To be sure, the relatively lackluster economic recovery can’t be laid entirely at the Fed’s feet. Monetary policy can’t cure a litany of social issues like demographics, skill mismatches, inadequate education, or the scourge of drug addiction. Whether the buildup of debt at the household, corporate, and government levels has helped or hurt the recovery is a major point of debate.

The Fed’s critics charge that the central bank has held back growth by its interest-rate and regulatory policies. Chief among them is Taylor, who argues against both having held the federal-funds rate so low for so long and against the Fed’s asset purchases, or QE, for quantitative easing.

The Taylor Rule sets the fed-funds rates according to the economy’s potential growth, inflation, and how much slack exists in the economy. Under the formula, the Fed would have started the process of lifting the fed-funds rates much sooner, in 2010. (Importantly, the formula also would have dictated a negative rate target during 2009.) According to a Taylor Rule calculator from the Atlanta Fed, the fed-funds target would be 2.94% instead of the 1.15% it now is.

In past cycles, however, the Taylor Rule actually would have meant smaller changes in the fed-funds rate, according to the Atlanta Fed. During the past decade, when the Greenspan Fed raised the rate in small, predictable quarter-point steps and arguably allowed the mortgage bubble to inflate, the Taylor Rule would have started the rate increases sooner but also ended them earlier. During the 1990s, the Taylor Rule would have avoided the sharp rate jumps in 1994, which roiled the mortgage market and ended with a Mexican peso crisis, and wouldn’t have raised rates as much during the dot-com bubble.

EVEN IF TAYLOR wins the Fed chair, it seems unlikely he would apply his rule in a doctrinaire fashion. At a recent policy symposium at the Boston Fed, he commented: “I don’t think rules should be viewed as ways to tie central bankers’ hands. They are meant to help policy makers make better decisions.”

Still, a Taylor Fed would likely mean “a more aggressive” normalization of policy in terms of interest-rate increases and reduction in the central bank’s balance sheet than is envisioned by the Federal Open Market Committee, write Peter Hooper and Matthew Luzzetti, respectively chief economist and senior economist at Deutsche Bank. (The voting members of the policy-setting FOMC consist of the seven Fed governors and five of the 12 Fed district bank presidents, four of which rotate annually as voting members, with the New York Fed having a permanent vote.) A Taylor Fed also would likely mean a quicker move away from accommodation than the market expects.

That mightn’t be such a bad thing, comments John Brady, managing director at R.J. O’Brien & Associates in Chicago. After all, he says the Eurodollar futures market is discounting only two quarter-point rate hikes through December 2018, which would put the fed-funds rate in a range of 1.5% to 1.75%. The FOMC’s dot plot has a median year-end 2018 estimate of 2.1%.

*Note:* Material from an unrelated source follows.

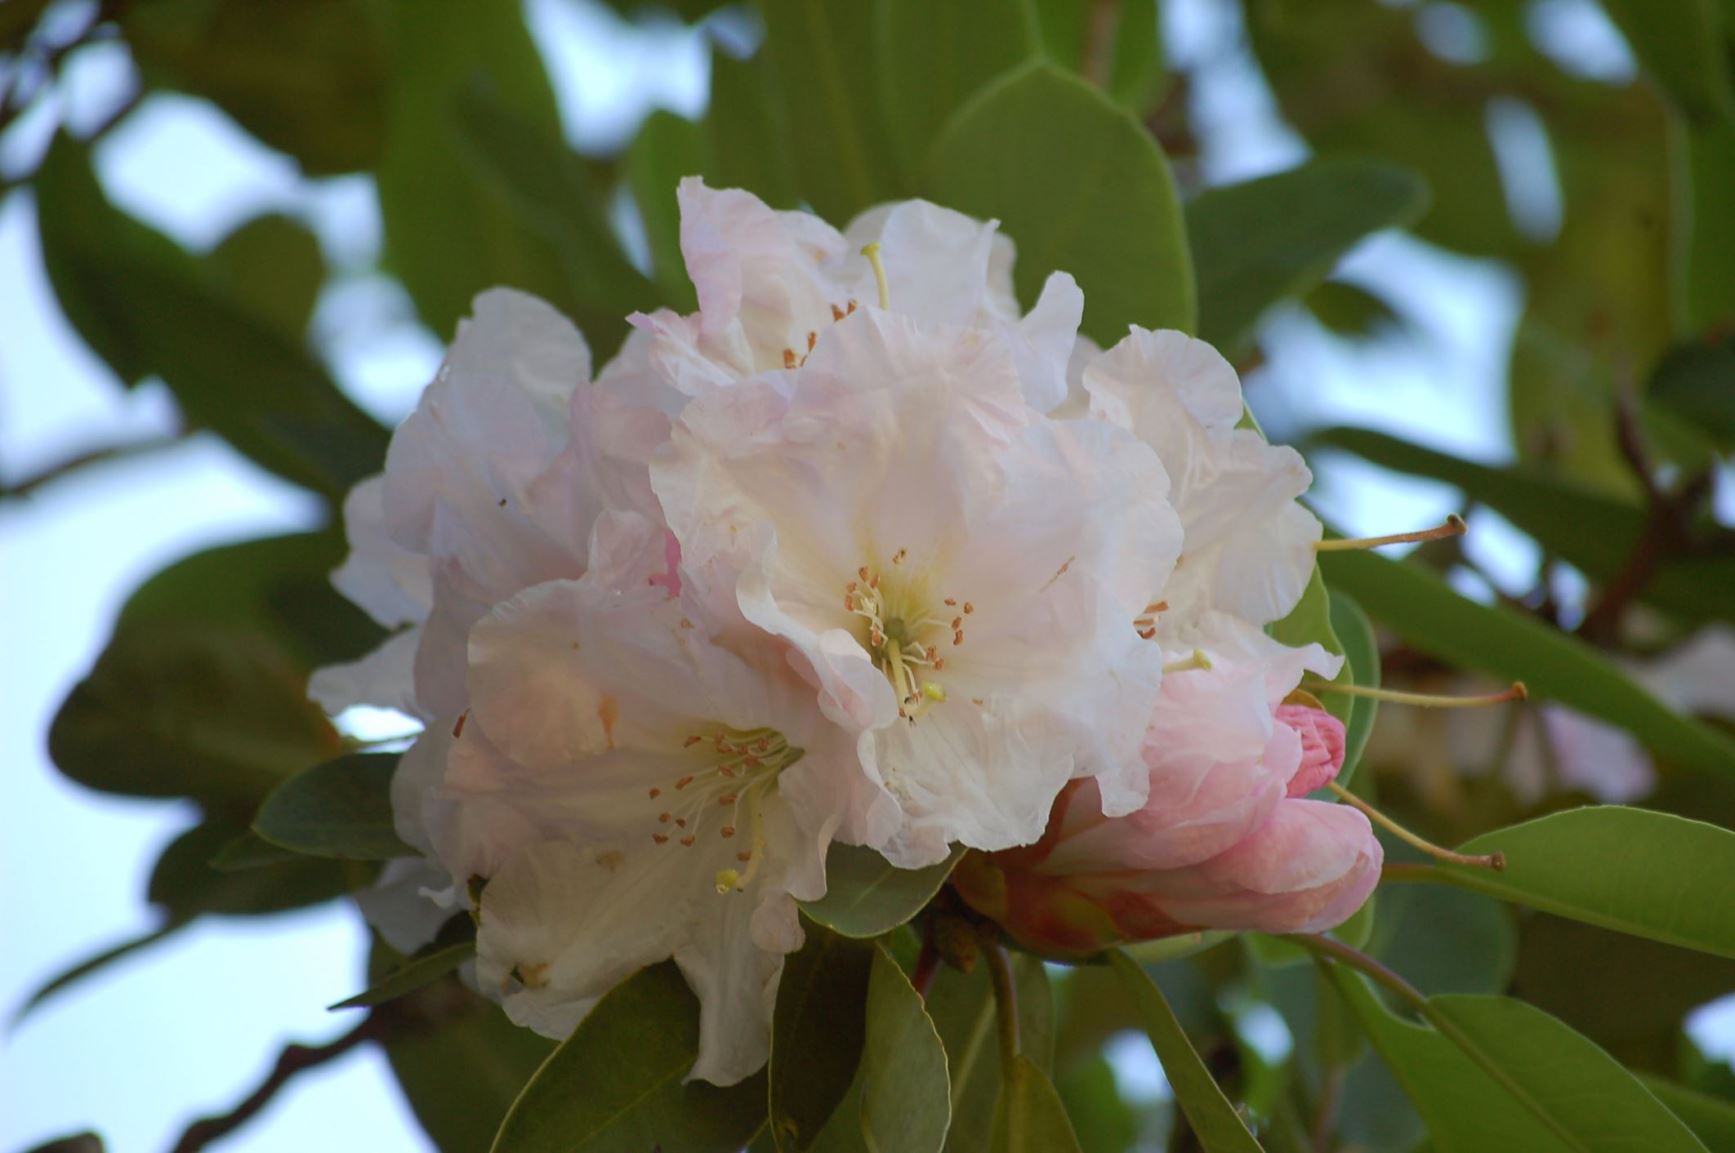 Rhododendron serotinum

Higher long-term bond yields would help boost returns for pension funds, Brady continues. In a yield-parched market, investors have resorted to options-selling strategies to earn premiums to augment low yields. That tends to depress volatility artificially, which in turn drags down yields. A somewhat higher bond yield—say, 2.75% on the benchmark 10-year Treasury note, versus 2.42% currently—would help normalize the bond market without imperiling stocks, he contends. So, Brady concludes, there’s little to fear from a Taylor Fed.

FOR THE GOP, Powell as Fed chairman and Taylor as vice chairman sizes up as a central bank dream team. Powell has experience at the Fed and as assistant secretary and undersecretary of the Treasury in the elder Bush’s administration as well as in private equity at the Carlyle Group. Taylor, while never having worked at the Fed, served as Treasury undersecretary for international affairs for the younger Bush. There’s plenty of government experience between them.

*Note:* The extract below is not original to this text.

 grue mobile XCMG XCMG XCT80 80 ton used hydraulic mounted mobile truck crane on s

What could be a bigger change is how the Fed reacts to future swoons in the financial markets. To many observers, the central bank has paid increasing attention to the equity, corporate bond, and commodity markets. It amounts to “a third mandate,” as Eric Stein, co-director of global income at Eaton Vance, termed the central bank’s attention to financial market conditions, along with its official targets of full employment and stable prices.

At times, Fed heads have expressed caution about the level of stock prices, most famously when Greenspan warned about “irrational exuberance” in 1996, years before the 2000 peak of the dot-com mania. Yellen also warned prematurely in 2014 about valuations among biotechnology stocks being “substantially stretched.”

But more often, the Fed has been quick to ease policy when markets falter, beginning 30 years ago this month when the Greenspan Fed cut rates following the 508-point drop in the Dow on Black Monday. The Fed also cut rates in response to the market turmoil after the collapse of the Long-Term Capital Management hedge fund in 1998 and in early 2001 in the wake of the bursting of the internet bubble. This became known as the “Greenspan put,” a perceived option that protects investors in the event of market decline.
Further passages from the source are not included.